By releasing FACET, we are opening up the possibility of having similar benchmarking for researchers and practitioners alike to better grasp the disparities that exist within their models and also track interventions instituted to mitigate fairness concerns," Meta wrote in a blog post it shared with TechCrunch. "We welcome the research community to utilize FACET for benchmarking fairness on other vision and multimodal tasks.".

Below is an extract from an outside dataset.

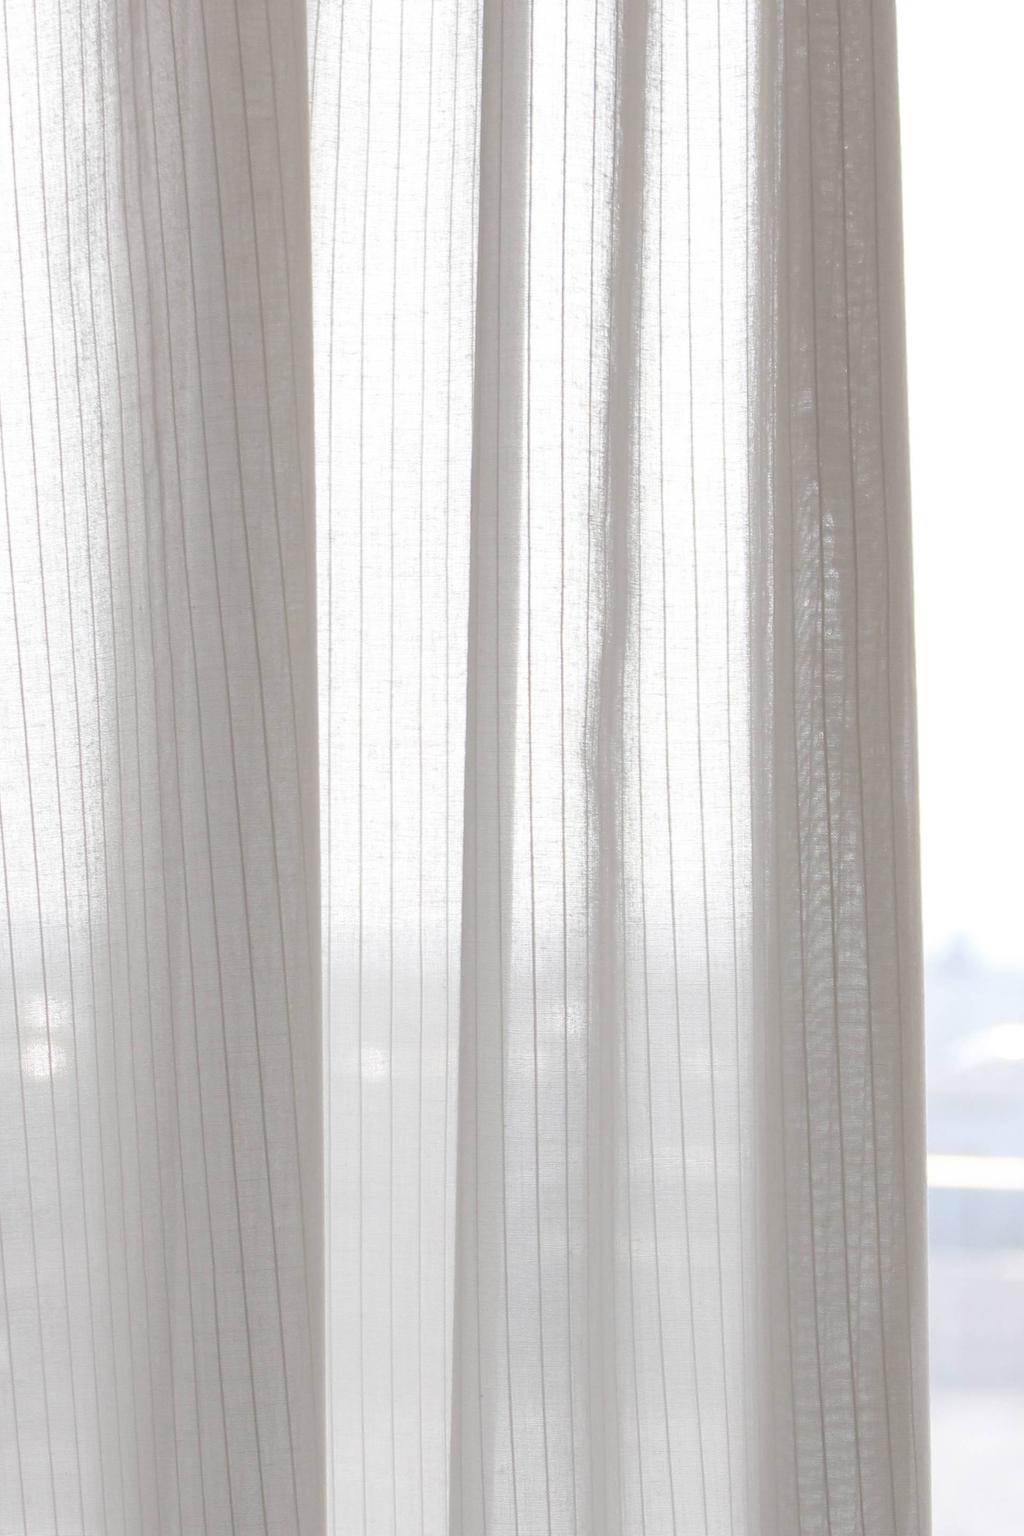 Use: Semi-transparent curtain fabric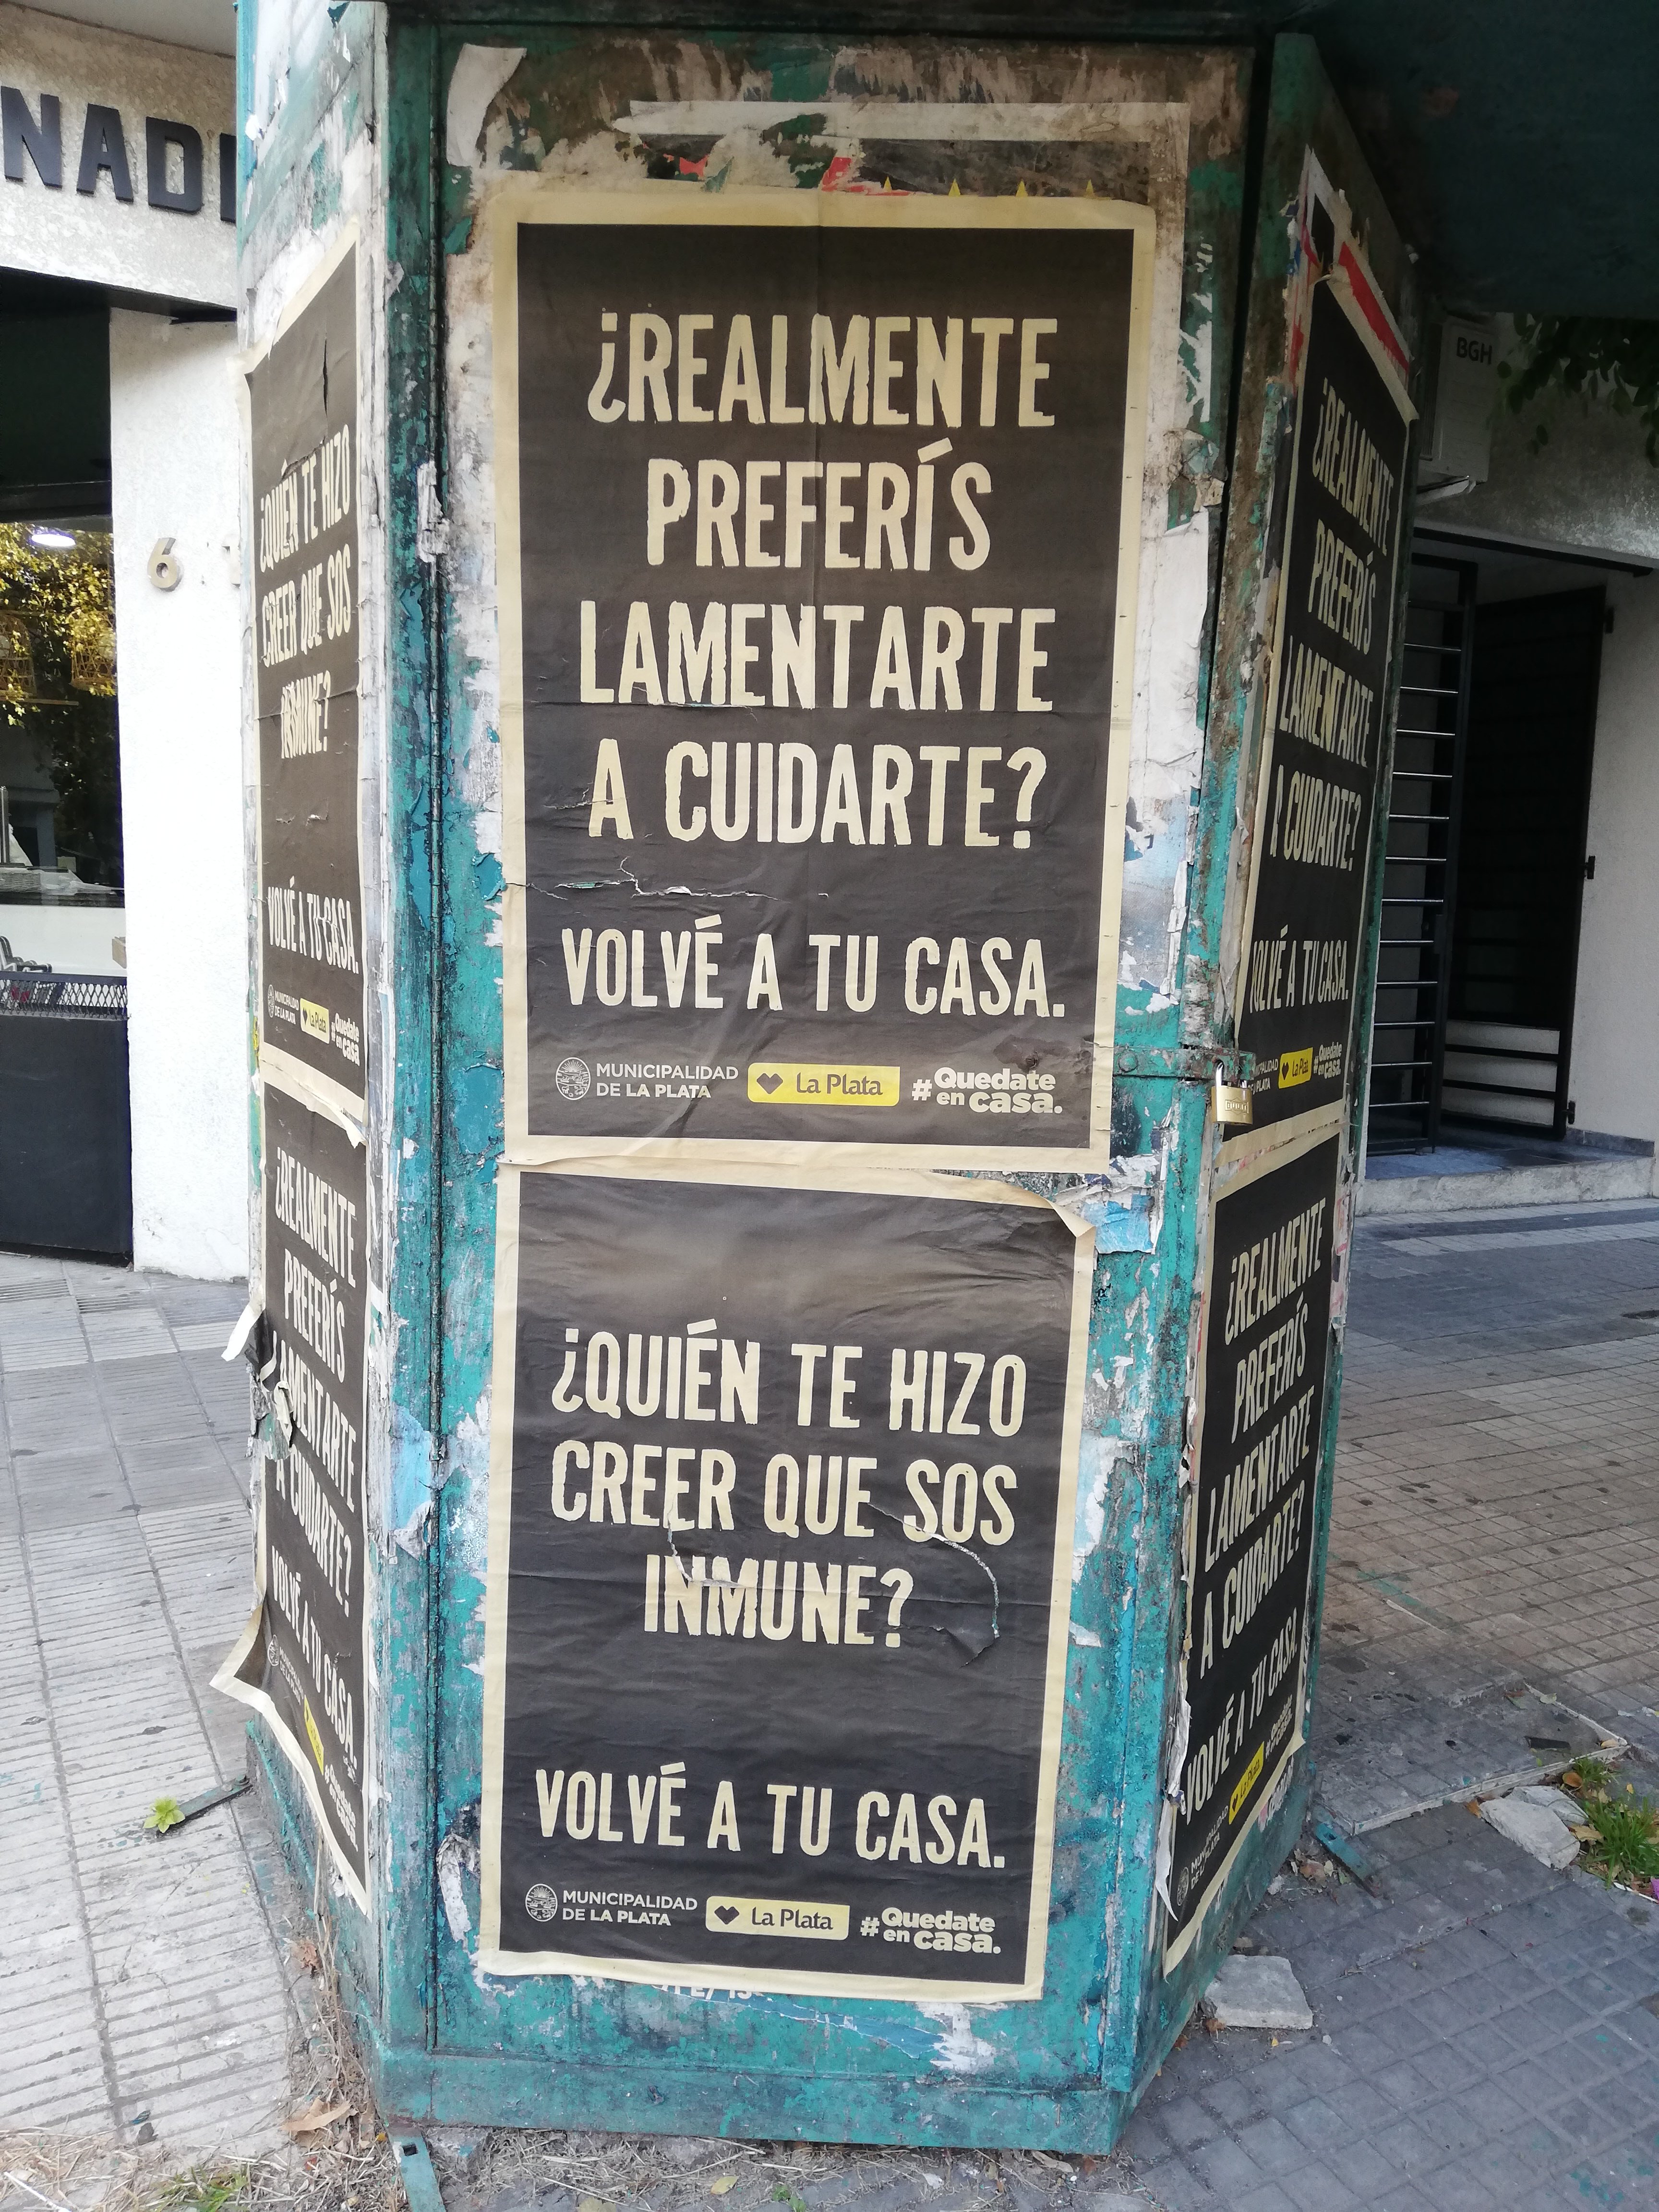 Afiches callejeros alertan sobre la importancia de cumplir la cuarentena. | Foto: Wikipedia

Of course, benchmarks to test for biases in computer vision models aren't new. Meta itself published one back in 2019 to bring attention to age, gender and skin tone biases in models of computer vision as well as audio machine learning. And there have been many investigations into computer vision models to see if they were biased against particular demographic groups. (Spoiler alert: they usually are.)

Of course, then there is the simple fact that Meta does not have the best track record when it comes to responsible AI.

Late last year, Meta had to pull an AI demo after it created racist and inaccurate scientific literature. The anti-AI-bias tools the company's released so far have reportedly been largely toothless, too. Meanwhile, academics have accused Meta of exacerbating socioeconomic inequalities in its ad-serving algorithms and of exhibiting bias against Black users in its automated moderation systems.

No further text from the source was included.